The story of how apes (and humans) lost their tails!
How a ‘jumping gene’ caused apes (and humans) to quit monkeying around and ditch their tails.
You may have noticed that most animals have tails.
There are a few exceptions, like gorillas, chimps, orangutans, and humans!
This is kind of weird because other primates definitely have tails.
And you’re probably not alone if you’ve ever jealously watched a monkey swing from tree to tree with the assistance of their tail.
The fossil record tells us that we (apes) lost that 5th appendage approximately 25 million years ago.
And this likely coincided with when we switched from living in an arboreal habitat (trees) to one a little closer to terra firma (the ground).
Evolutionarily, this makes sense!
Why waste energy maintaining something you don’t use very often?
And that’s exactly how evolution by natural selection happens sometimes…if you don’t use it, you lose it!
But the physical disappearance of a tail also requires changes on the molecular level.
While previous work has implicated around 100 genes in tail development, we weren’t totally certain how tail-loss occurred in apes.
However, an accident reminded Boa Xia, first author on today’s paper, that humans still have a little nubbin’ where our tails used to be.
So, he set out to figure out why we (and other apes) only have a tail bone and not the full blown thing!

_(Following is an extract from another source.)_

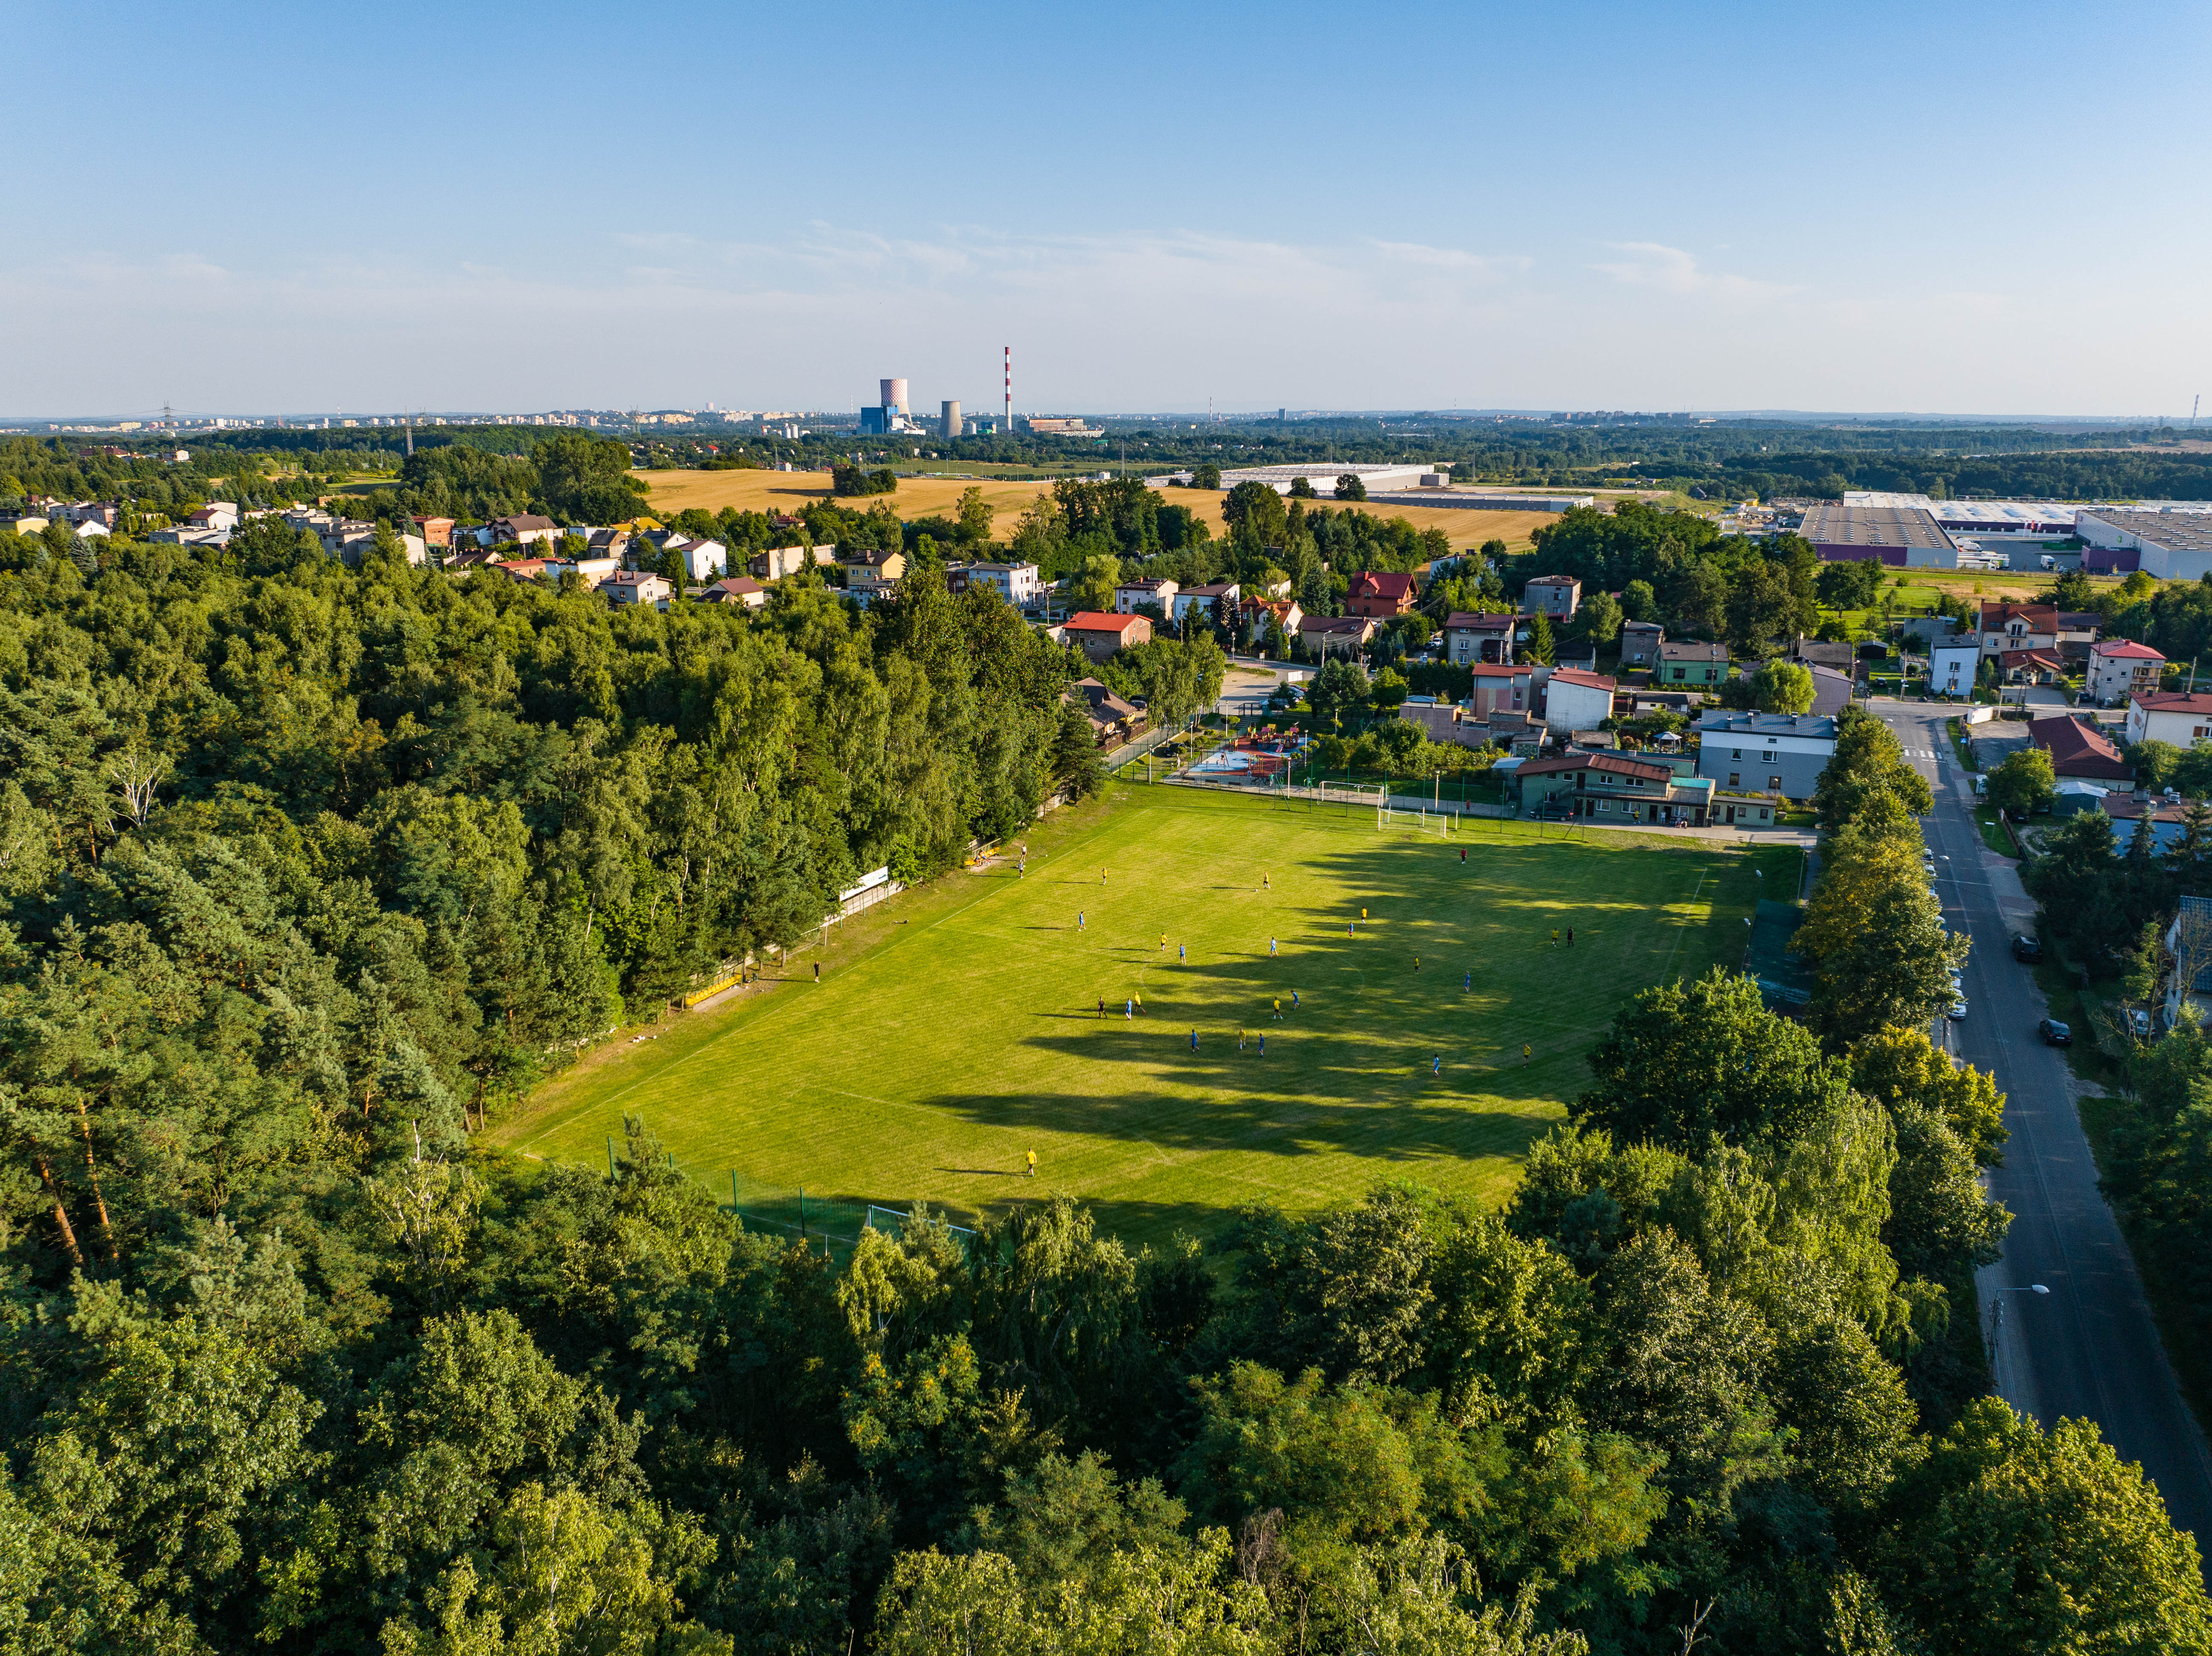 Zdjęcie przedstawia boisko sportowe z zawodnikami z lotu ptaka, dookoła las i panorama pobliskich miejscowości

In the figure above you can see this displayed in A) which provides an overview of the presence or absence of tails in the primate family tree.
But Xia’s big discovery came when he looked at a gene, TBXT, in a genome browser (B) and he noticed that Apes have an extra sequence between exons 6 and 7 that monkeys don’t have!
This sequence was a primate specific Alu element.
Alu’s are little bits of DNA that were left behind by ancient retroviruses as they jumped in and out of our genomes.
We have about a million of these sprinkled throughout our genes and they are the most common ‘transposable element’ found in the primate genome.
They’re broadly implicated in promoting evolutionary change and the Alu element, AluY, in TBXT is no exception!
It appears that AluY collaborates with another primate Alu element, AluSx1, that’s conserved in all primates.
Panel C shows how this works:
AluY and AluSx1 bind to form a loop that excludes exon 6 during splicing and this creates a TBXT transcript that’s sometimes a bit shorter in Apes.
This exon skip liberated us from our tails!
Experiments in the paper show that removal of exon 6 in one copy of TBXT produces a range of tail lengths in mice, and with a little genetic tweaking of the other copy, the authors could produce mice that no longer had tails!
But complete removal of exon 6 in both copies of TBXT caused lethal spinal cord defects, underscoring the delicate nature of tail-loss evolution.